Dukungan dan pujian secara langsung juga datang dari pimpinan daerah Lampung Selatan, Radityo Egi Pratama saat meninjau kesiapan lokasi. Pihaknya mengapresiasi kemauan masyarakat untuk bergerak bersama menata desa serta membawa kabar baik terkait pembangunan infrastruktur jalan.

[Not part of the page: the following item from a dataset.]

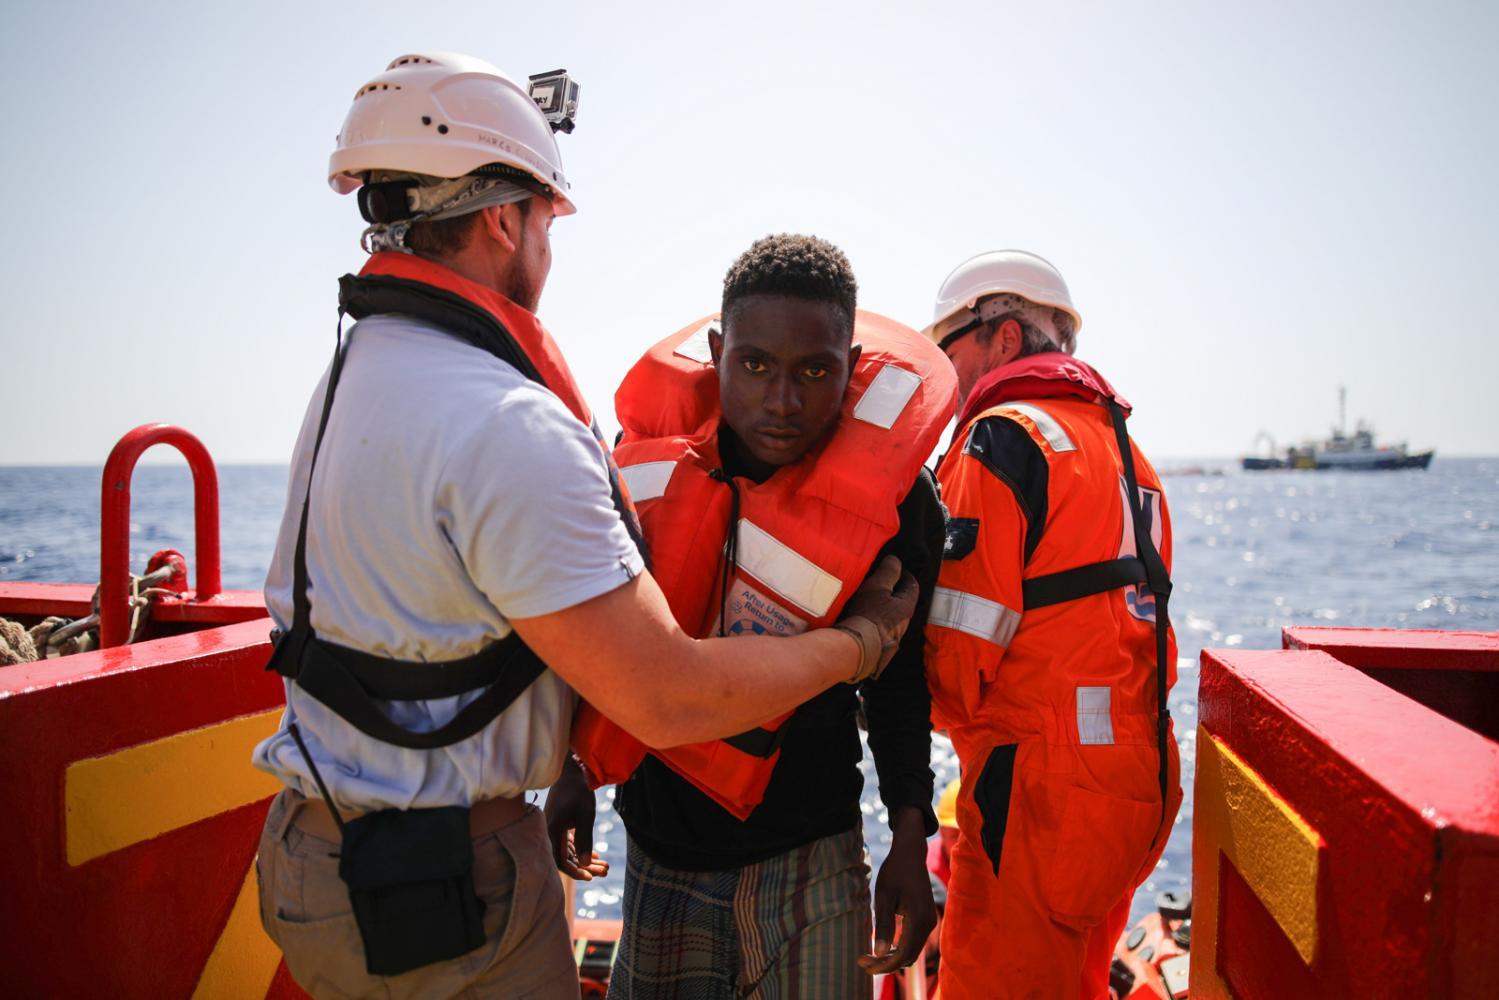 Photography image - Loading 86b1b3d9f5879da6-CK_Refugees_02b.jpg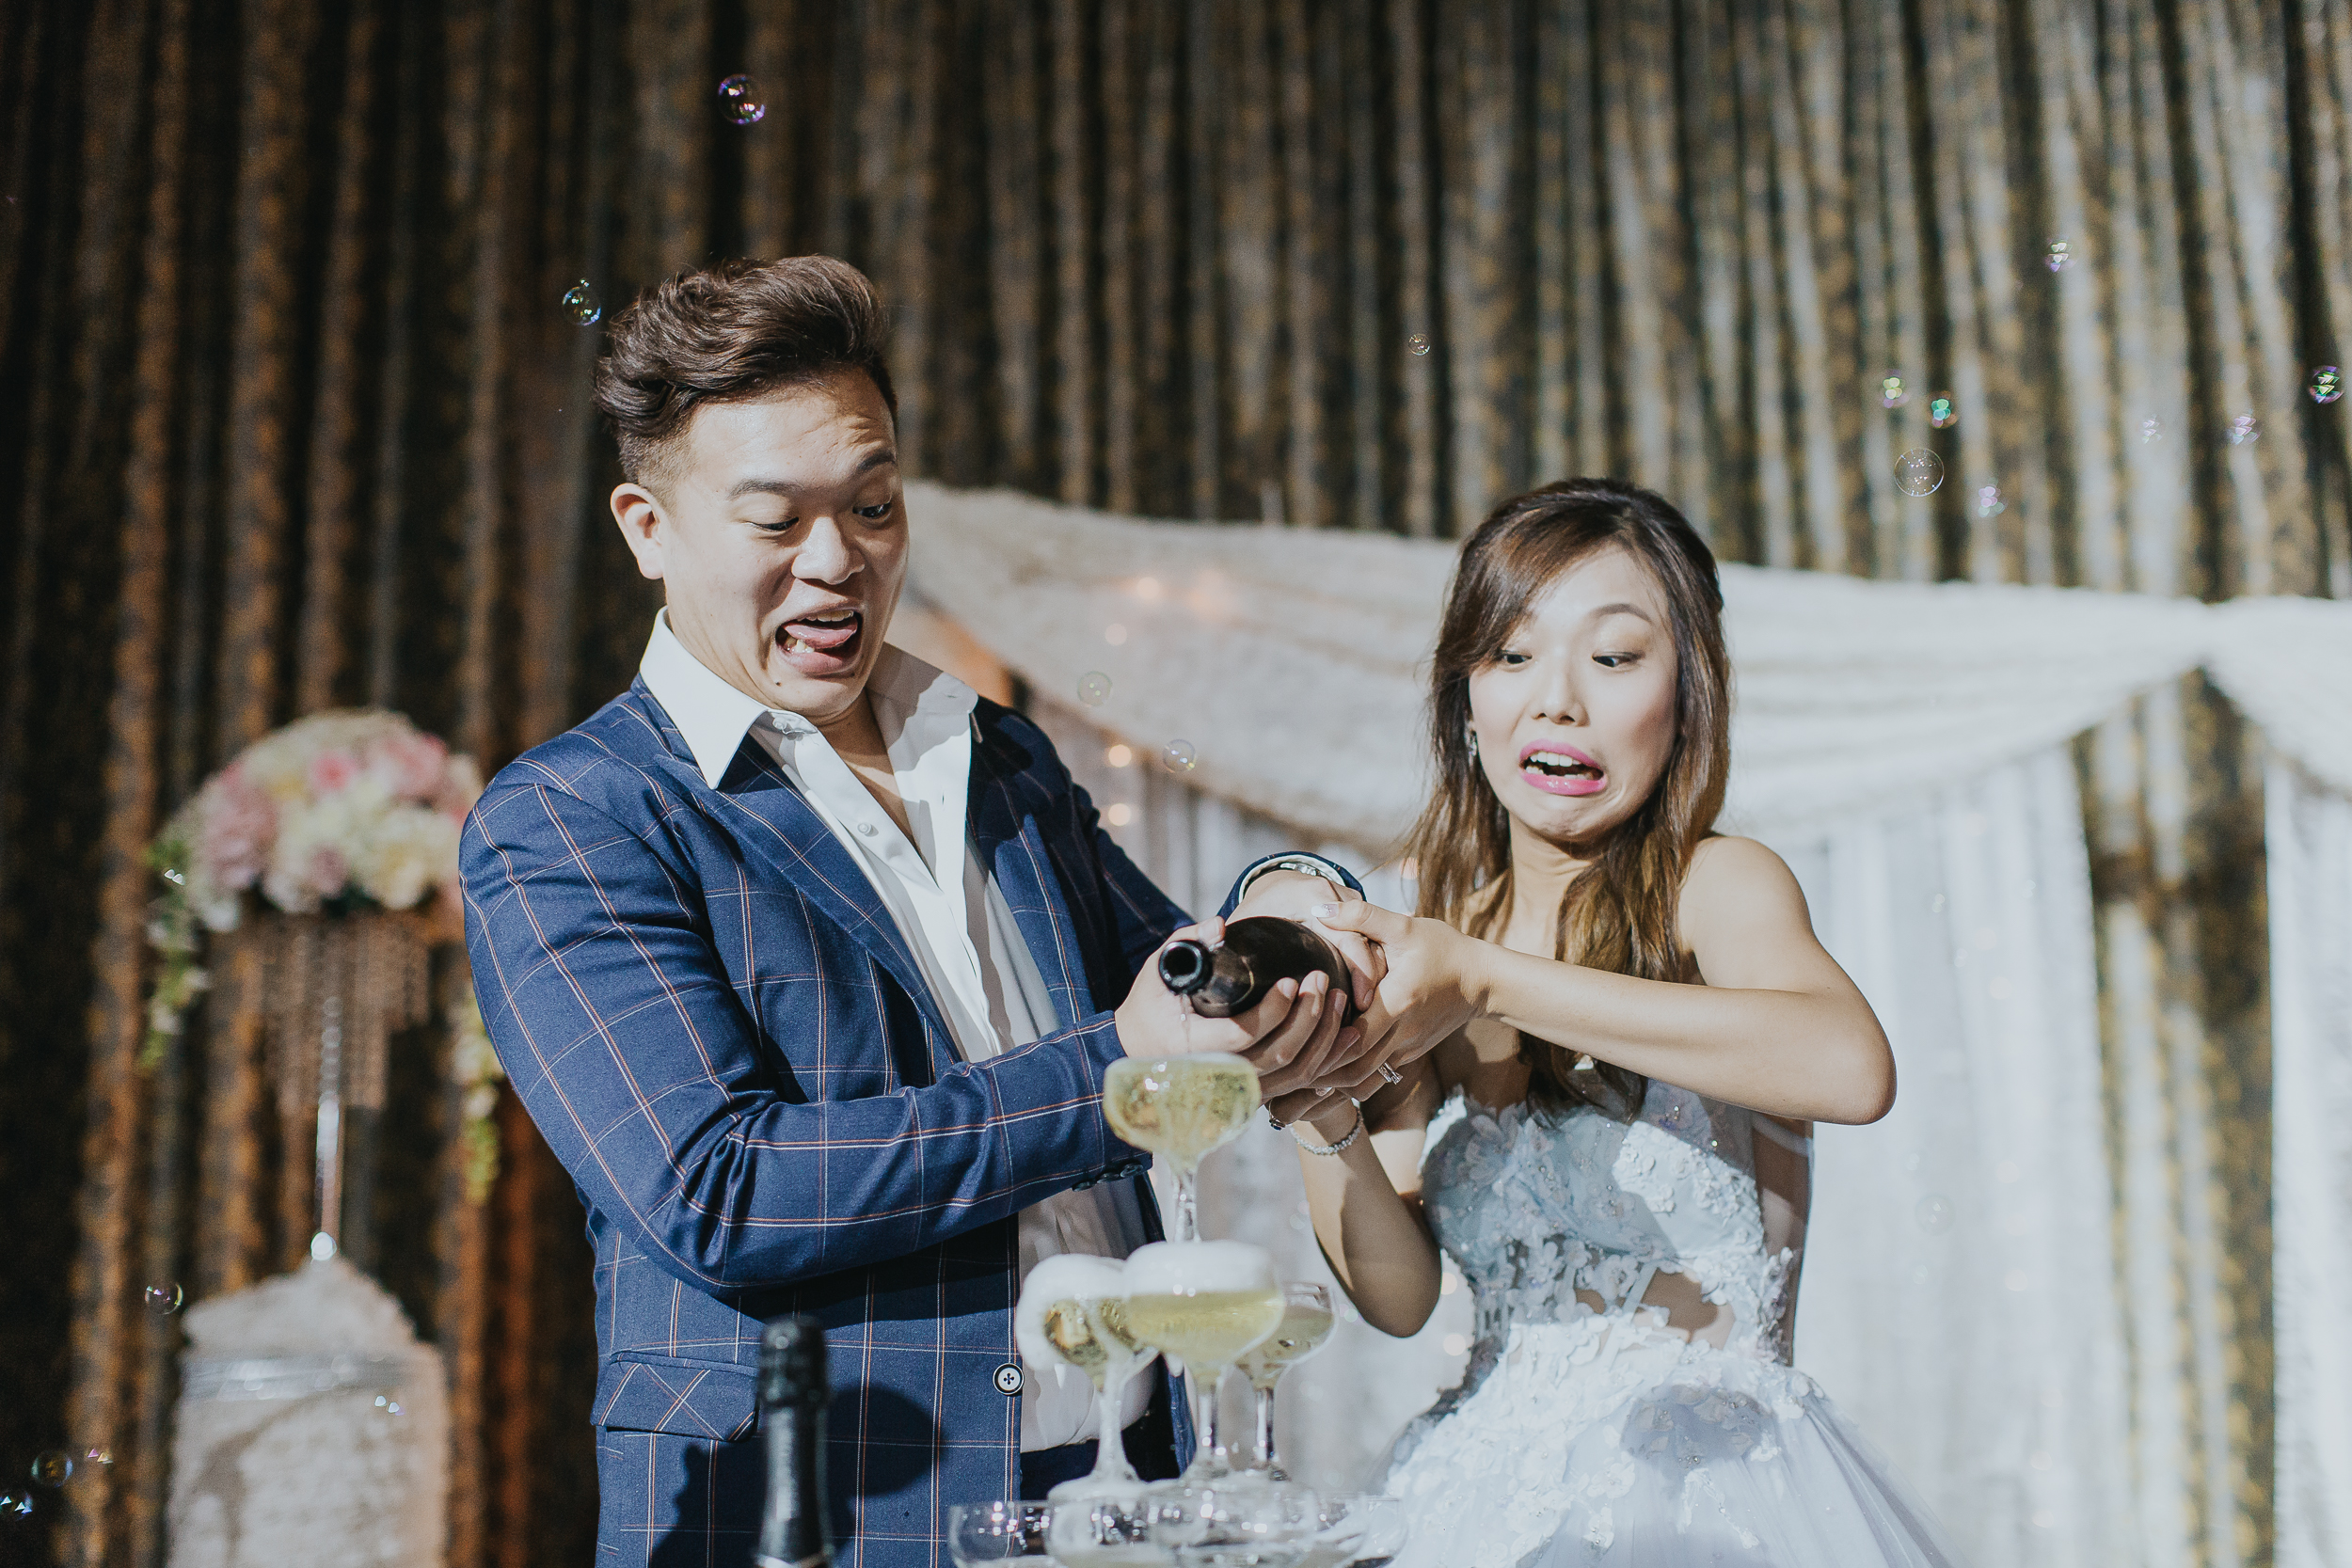 Singapore+Actual+Day+Wedding+Photographer+Grand+Mercure+Oliver+Estelle-0101.jpg

“Sejak awal peninjauan lapangan, saya melihat komitmen dan perubahan nyata di Desa Baru Ranji. Dari kawasan yang tadinya kurang tertata, masyarakatnya bersama aparatur desa bahu-membahu menata lingkungannya menjadi rapi dan bernilai estetika. Program Desa HELAU ini dibentuk bukan sekadar kompetisi, melainkan gerakan perubahan berkelanjutan. Sebagai bentuk perhatian pemerintah daerah atas semangat warga, perbaikan jalan utama menuju Desa Baru Ranji yang rusak bertahun-tahun akan kita prioritaskan pada anggaran tahun 2026 mendatang.” Tegas Bupati Lampung Selatan.
Selanjutnya, Desa Baru Ranji bersama desa-desa unggulan lainnya akan mengikuti tahapan presentasi capaian inovasi dan pendalaman program di hadapan tim penilai kabupaten. Kepala Desa Baru Ranji dijadwalkan memaparkan secara langsung integrasi Rencana Pembangunan Jangka Menengah Desa (RPJM Desa) yang berorientasi pada keberlanjutan lingkungan, keamanan kawasan, dan kemandirian ekonomi masyarakat.